Artificial intelligence systems can rapidly analyze massive amounts of NASA’s Earth data, discover embedded information, and make the valuable measurements even more useful. To make the most of this technology, researchers with Goddard Space Flight Center in Greenbelt, Maryland, recently trained supercomputers to learn information from one of NASA’s marquee datasets, Moderate Resolution Imaging Spectroradiometer (MODIS) imagery. The center’s Data Science Group used machine-learning techniques to train a model to learn visual patterns and discern atmospheric features such as clouds or dust from land, water, and other features in millions of MODIS images.

This powerful generative artificial intelligence (AI) model, called SatVision-TOA (Top-of-Atmosphere), can make very accurate predictions to complete the shape of objects in obscured images and quickly identify features for analysis. SatVision-TOA has broad applications including cloud property retrieval, land cover mapping, flood and disaster monitoring, urban planning, and environmental analysis. What’s more, the model can potentially be applied to imagery from other instruments with technology similar to MODIS.
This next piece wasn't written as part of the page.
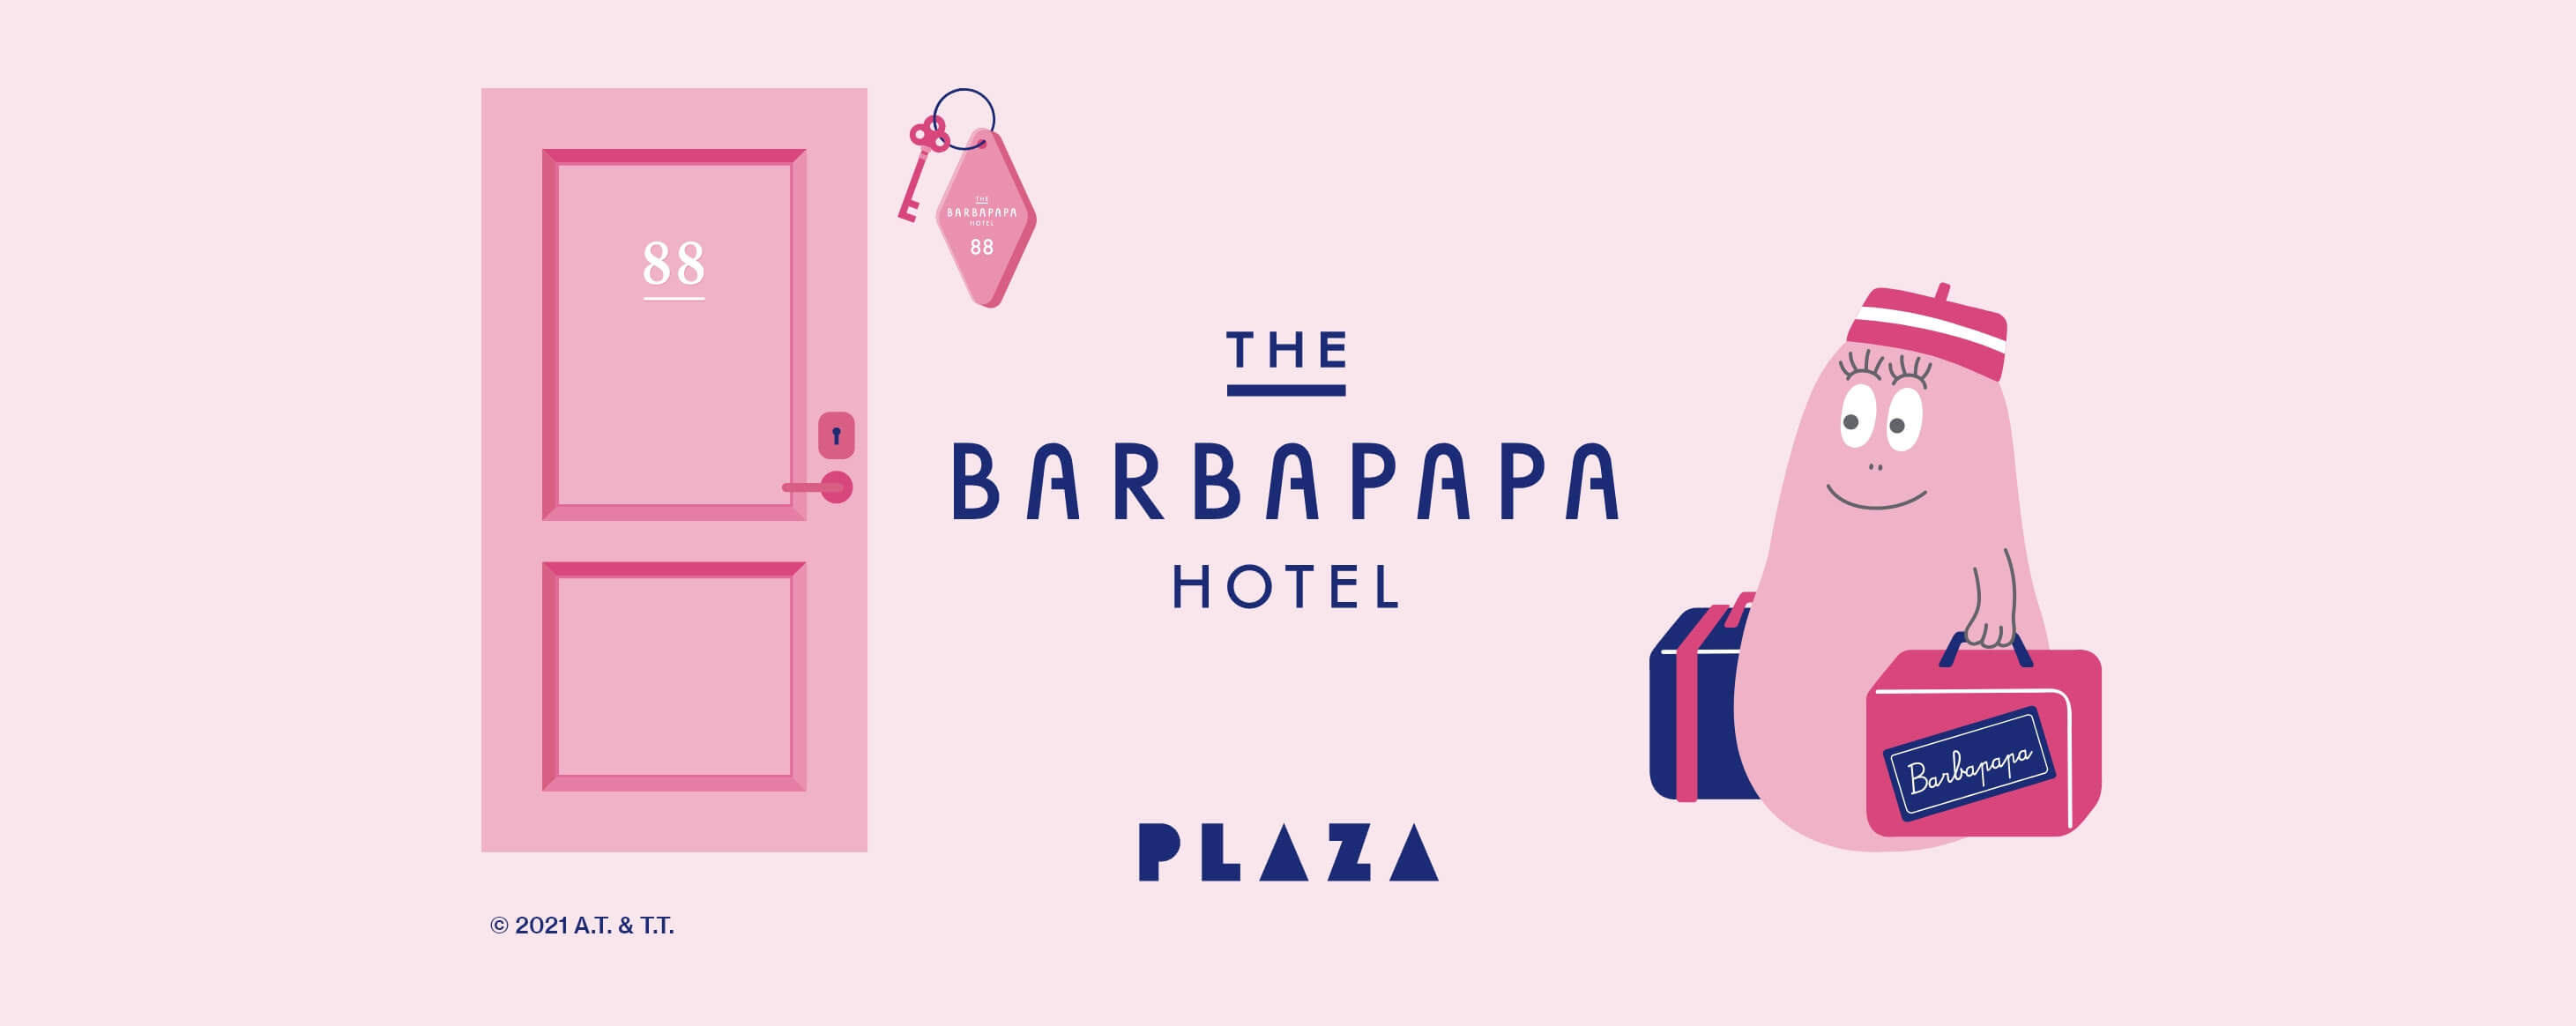 THE BARBAPAPA HOTEL │ PLAZA

This image has four frames. The first frame is labled Original MODIS image and show gray and white clouds over a purple background. The second image say Masked Image and is a random mix of pink computered-generated pixel squares, gray-to-white cloud squares, and purple background squares. A majority of the image is colored with pink squares. The third image says Huge Model Version and is similar to the first image but missing details. The fourth frame says Giant Model Version and includes more detail.
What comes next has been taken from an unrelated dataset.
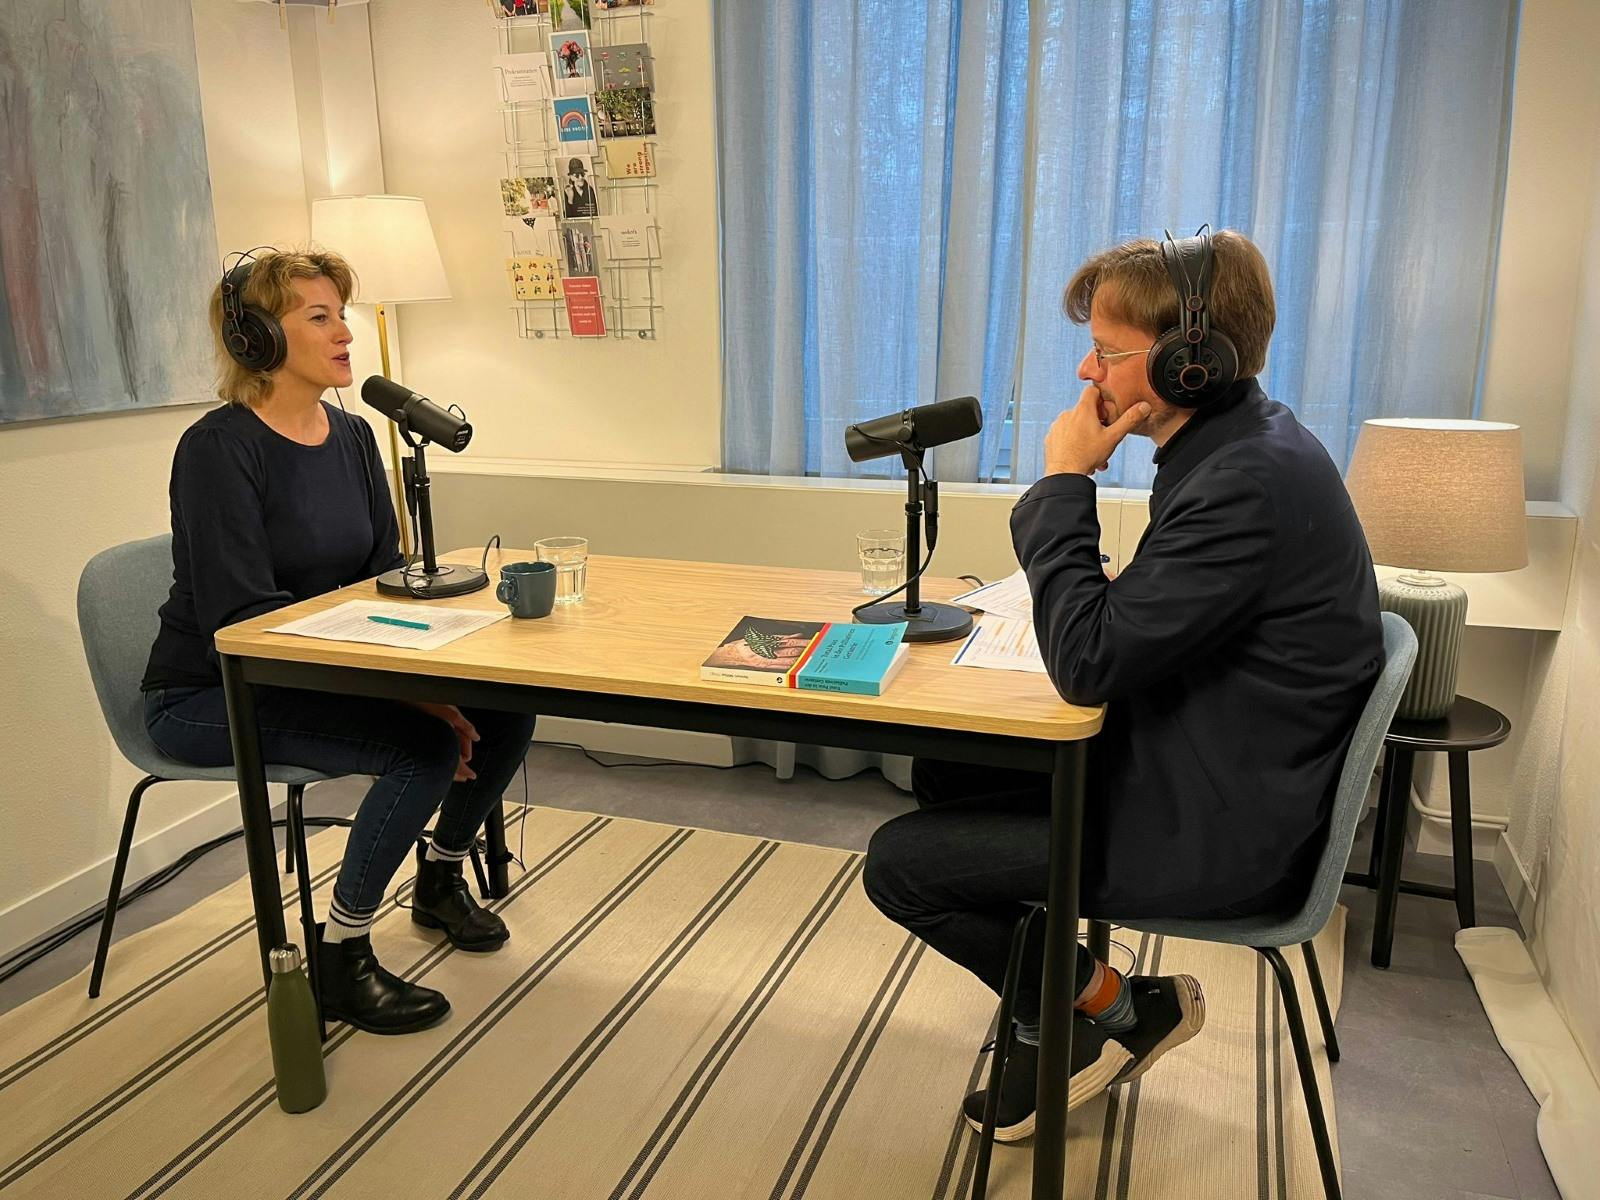 Zwei Personen führen ein Gespräch bei einer Podcast-Aufnahme in einem hellen Raum.

The SatVision-TOA model was trained by taking actual MODIS truth images and randomly masking them to hide details. Two versions of the model — Huge and Giant — were then challenged to try to complete the image based on their best predictions. The second, Giant version with three billion parameters completed the picture most accurately. Credit: Jie Gong and Mark Carroll.

“With the model trained using archived MODIS images, we can now stand on the shoulders of our predecessors not only for technology, but also for knowledge collectively learned from the past,” said Dr. Jie Gong, science lead for the project.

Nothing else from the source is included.